According to the first professor to benefit from Beach’s generosity, the gift also will have a more practical impact for the future chair incumbents. “Because there’s a research fund associated with the chair, it allows you to pursue research without having to go through a long approval process,” says Andrew Rudalevige, Walter E. Beach ’56 Chair in Political Science.

“If there’s a conference at Brookings or AEI [American Enterprise Institute for Public Policy Research] down in Washington, I can go,” he adds. “If I need a digital scanner to get some archival material into my computer, I can get it. Having that fund frees you from the paperwork and allows you to just do the research without worrying about having to apply for a grant.”

The estate gift adds to Beach’s impressive legacy of service and support for Dickinson. He served on the Alumni Council from 1968 to ’74 and was a trustee from 1988 to 2005, when he was awarded emeritus status. Besides establishing the Liselotte von Usedom Beach Scholarship for German majors with his brother and the Walter E. Beach Scholarship, he also provided several historic manuscripts and letters to the college archives, including the text of a rare 1764 speech by John Dickinson.

Walter’s efforts to promote Dickinson were a big part of his daily life. He mentioned the college in conversation at least three times a day—and encouraged others to do so—and scoured newspapers for news that might be useful to Dickinson.

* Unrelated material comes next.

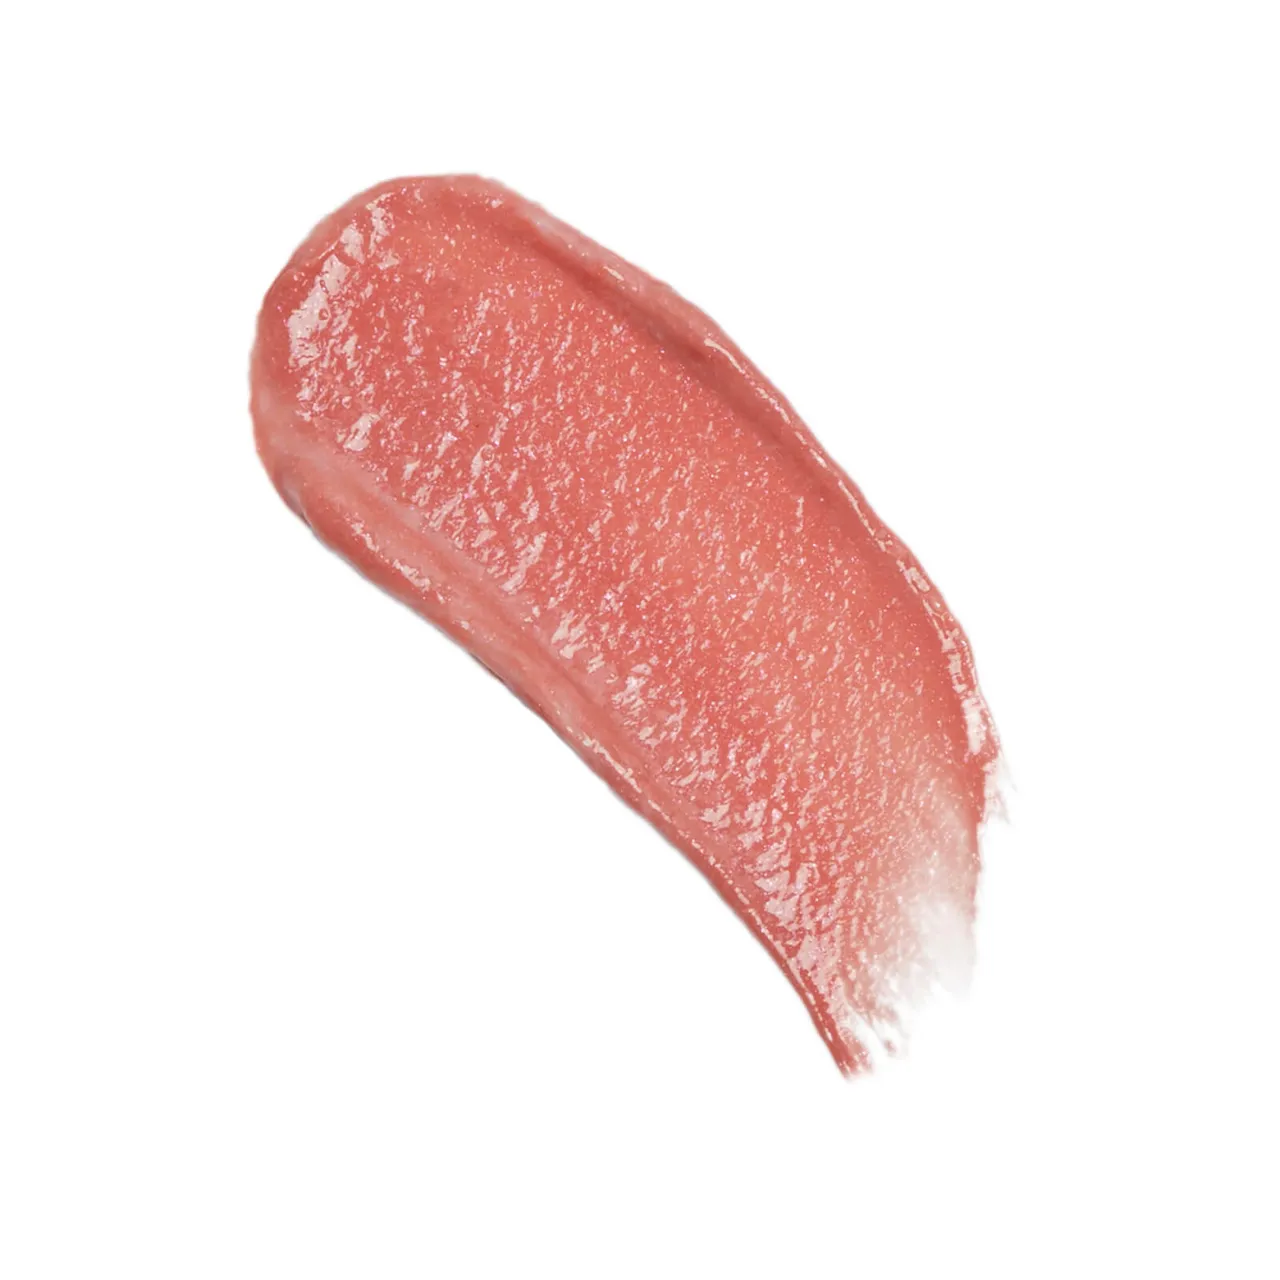 Revolution Festive Allure Ceramide Shimmer Lip Swirl 4.5ml (Various Shades) - Glitz Nude

“He was a humongous reader of newspapers,” says Allen. “He’d go through every page of the Sunday New York Times and Washington Post, and if you were on his list, by Wednesday you could expect that something was coming your way.”

These efforts, along with his professional achievements, earned Walter the college’s distinguished alumni award in 1992 and a posthumous honorary doctor of public service in 2006. “What made Walter’s passion for Dickinson’s history so unusual was the way he embraced and acted upon it,” said President William G. Durden ’71 during the degree-conferring ceremony.

“But Walter’s interest in Dickinson was not confined to the past,” Durden continued. “He understood that it was just as important to nurture current connections that would, in turn, be essential for Dickinson’s future. And connect he did! I am sure we were not alone in the President’s Office at Dickinson when we used to speculate that Walter single-handedly kept the U.S. Postal Service in the black. And that was before he discovered the power and ease of e-mail!”

As Allen considers how this estate gift adds to his brother’s legacy, he notes that those connections and their impact help to keep Walter’s memory alive. Having visited the campus this fall for Homecoming & Family Weekend, he thought of Walter when he saw the Benjamin Rush portrait by Thomas Sully, which recently came to Dickinson via Lockwood Rush, a descendent of the college’s founder whom Walter introduced to the college.

“You look at this portrait, and there’s Walter again,” Allen says with a laugh. “And that’s really how I remember him—always making those connections.”